How a Good Support System Can Help
Having rheumatoid arthritis can be an incredibly lonely experience.
RA can take away your ability to function the way you did previously. While many people with RA are able to live a full and normal life there are many concessions to be made, which may include changing jobs or careers or living on disability. It can also mean longer being able to participate in or enjoy the things you once did.
This can have a profound impact, especially if the thing you can no longer do was something you were considering for a career or something that you looked forward to doing every day or week.
Additionally, many people with RA may have never met another person with RA and therefore may feel incredibly alone or isolated in their experiences. This is especially likely for teens and young adults who develop RA; the sense of isolation and feeling that no one understands what you’re going through can be overwhelming.
RA can also take a huge toll on your relationships with both friends and family members. Occasionally there will be people who just don’t understand what RA is and may even accuse you of exaggerating symptoms, which is especially difficult to deal with. It is already hard to cope with your own disappointment of missing out on things in your life — having to comfort and reassure someone else at the same time only adds to your frustration.
Emotional Support from Friends and Family
A good support system is invaluable when dealing with RA, and I cannot stress enough how much it is needed. This support could be a good friend, a partner or even a therapist whom you can trust and talk to on a regular basis about how you are feeling about dealing with RA.
These feelings can range from frustration to anger to depression. At times these emotions can make you feel downright desperate, which makes it all the more important that you are able to seek advice from friends and family (and in some cases a trained professional) to help you navigate the crazy ups and downs.
There may be times with RA when simply getting out of bed is too difficult, or you are sequestered in your house for weeks at a time dealing with fevers and fatigue. This can heighten your sense of depression and isolation and may make things seem even worse and more desperate. This is why reaching out is so important.
Emotional Support from Other People with RA
A support system of other people with RA is particularly invaluable. Often friends and family can provide an ear and offer support, but they cannot provide the empathy that only others with your disease can.
Making friends with other people with RA can foster a deep connection, one that you may not be able to make elsewhere in terms of discussing how RA is affecting you.
These groups can also help with medication suggestions, tips and tricks for dealing with symptoms, how to speak to your doctor and how to keep relationships on track in the wake of the disease.
If you have a rheumatologist, it is worth it to ask him or her if there is a local RA group that meets in your area. It may be best to meet with people in person, particularly if you are on disability or are feeling particularly unwell as it can provide you with a much needed outlet in terms of socializing and leaving the house.
However, sometimes there just isn’t an RA group nearby or you are feeling too unwell to attend. In this case, online forums and Facebook groups for RA sufferers are very effective. This way, you can typically get very quick advice from others and call upon support when needed.
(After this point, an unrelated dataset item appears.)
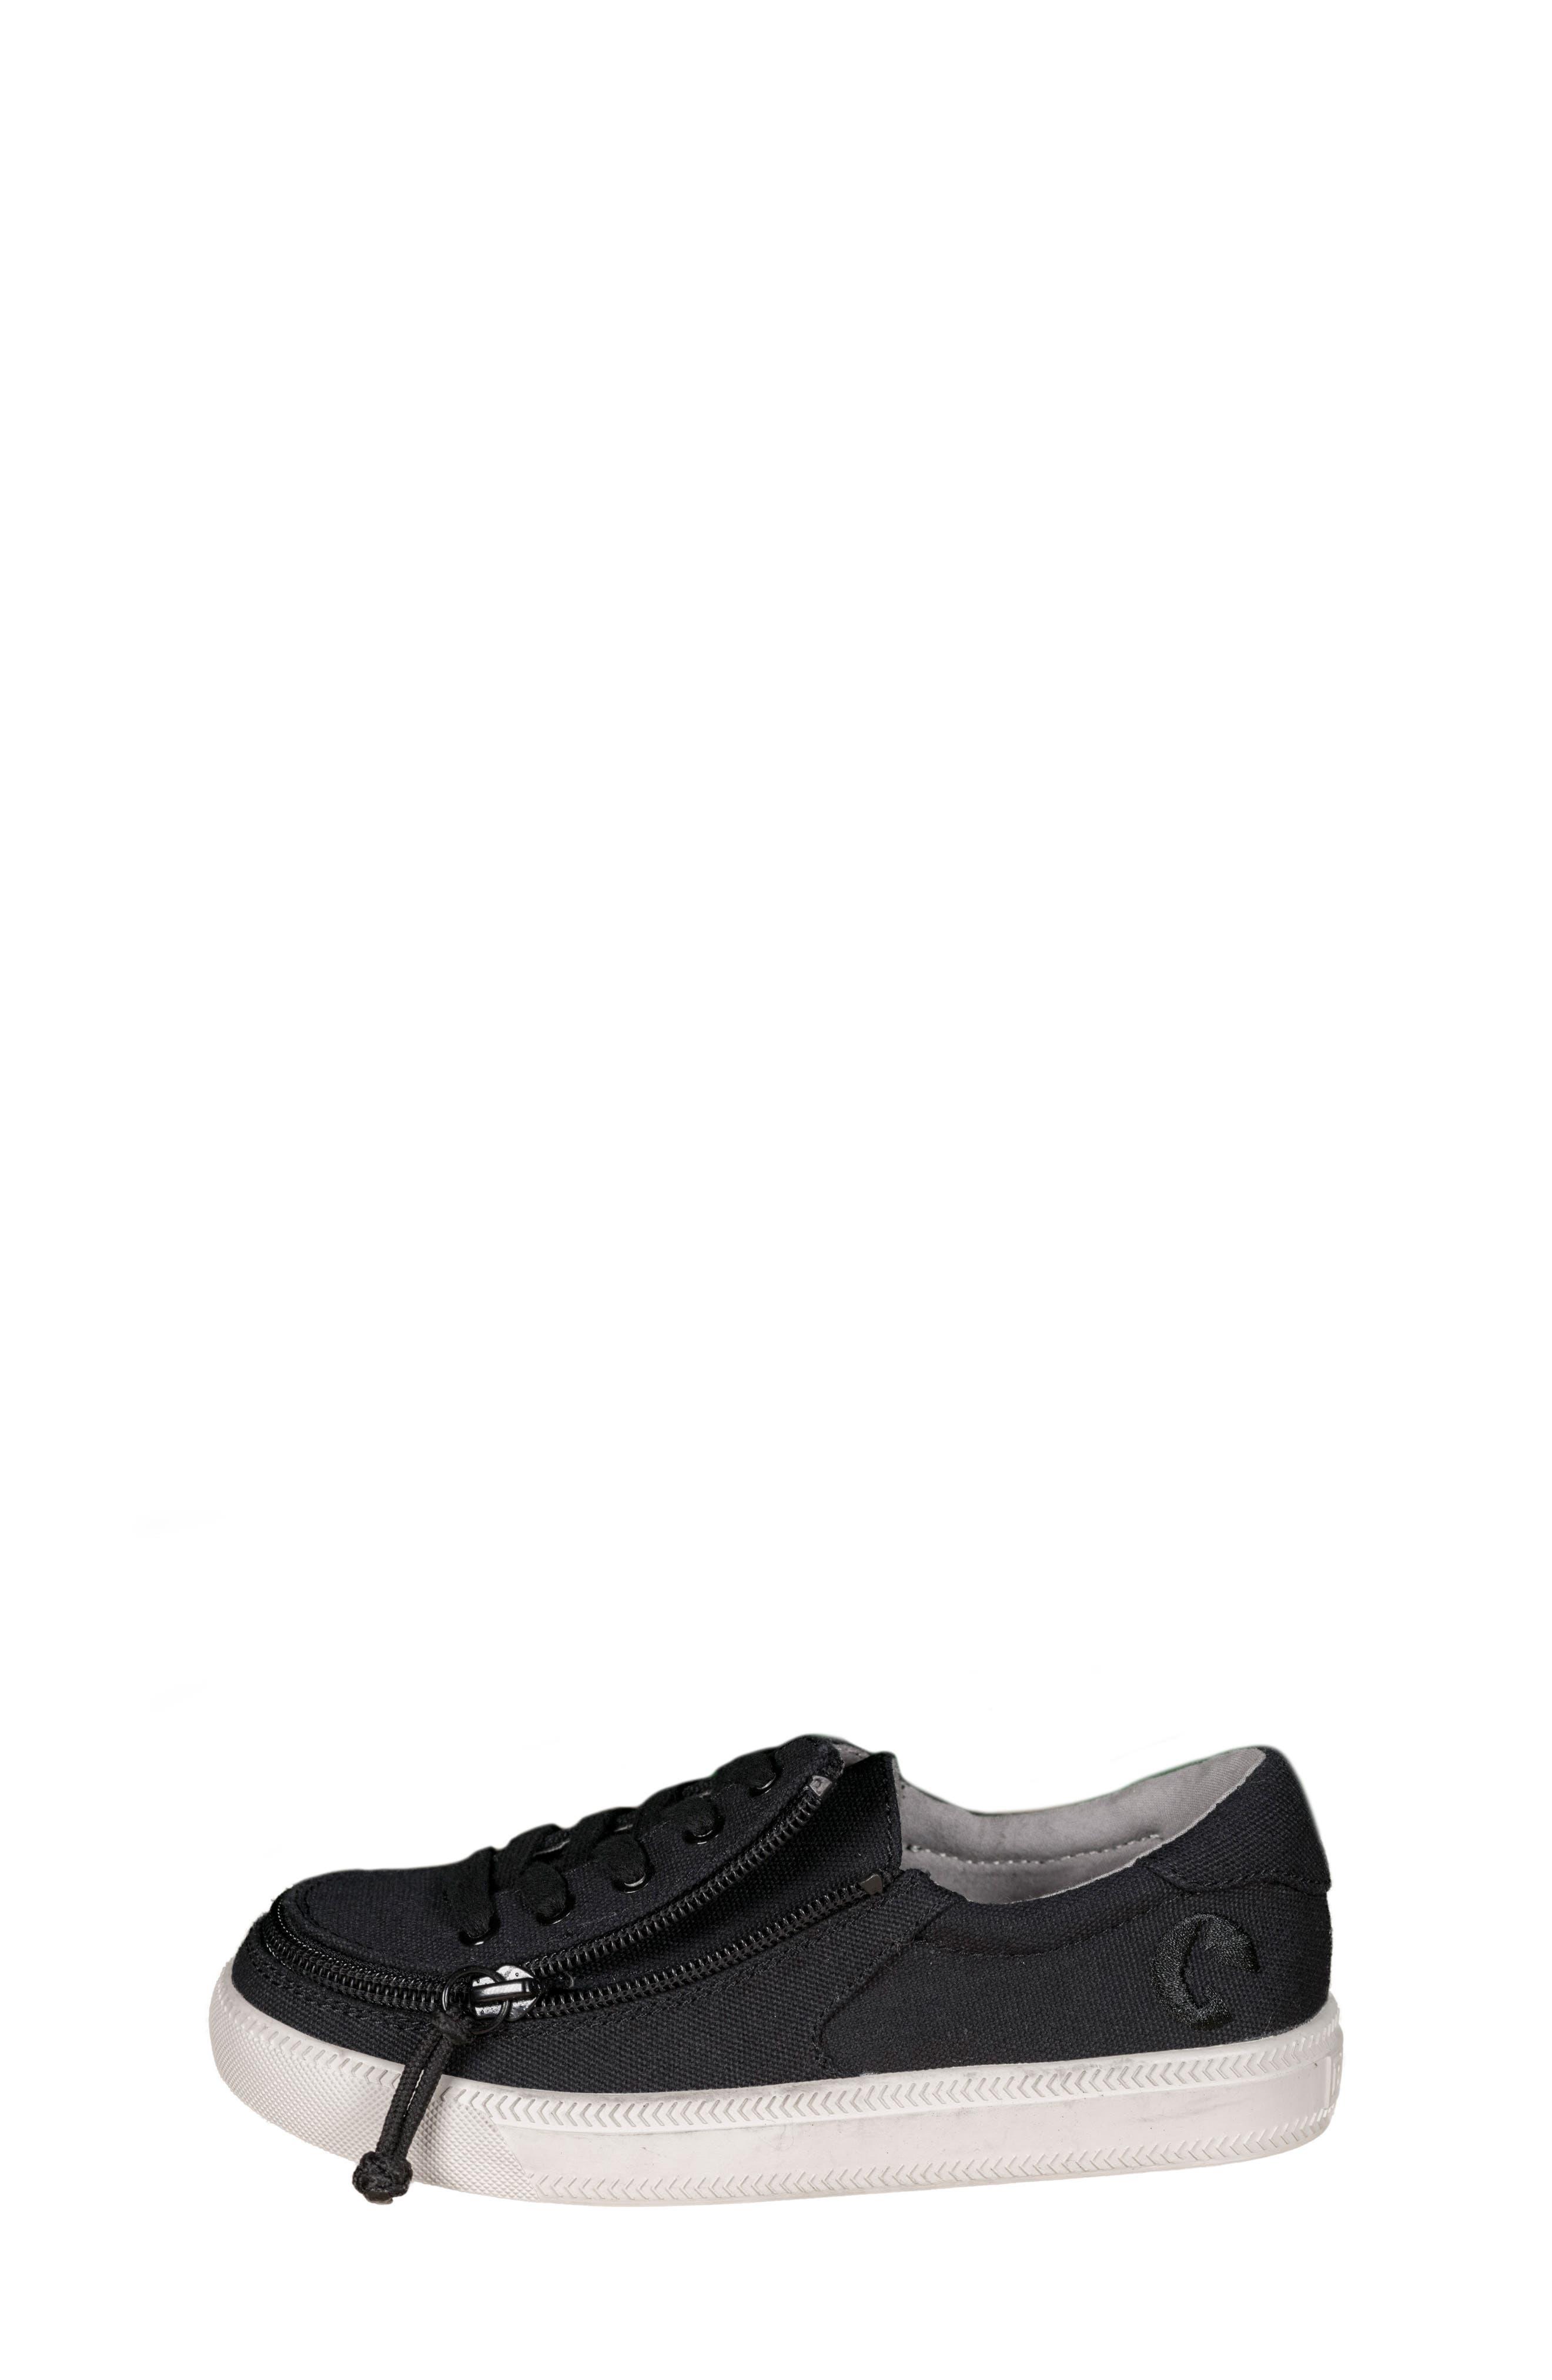 Classic Zip Around Low Top Sneaker, video thumbnail

Living with RA isn’t just about emotional support though. Sometimes you’ll need support just to get through the day, which is where a spouse, good friend, family member or parent comes in. Although most people will not need full-time carers, every so often it is going to be incredibly helpful to have support when it comes to things like cooking meals, = feeding and walking pets or helping watch your children.
Having a good friend or family member come over to help you cook some meals that can be frozen for when you are flaring is an excellent way to help ensure you and your family members are fed when you’re not feeling your best. You can also opt to hire a cleaner to come help you every once in a while so that housework doesn’t feel overwhelming, or have a good friend or family member come over to help you.
Other support hacks to keep life going include hiring mobile services to come to your house. This can include having someone come in a van to groom your dog (I have done this for years and it is an absolute lifesaver) or having someone come to your house to cut your hair or perform other beauty services (this is especially helpful if dealing with RA and hair loss). This type of support can ensure that you and your family members are looking and feeling your best, even when RA is rearing its ugly head.
Remember, you don’t have to do it alone.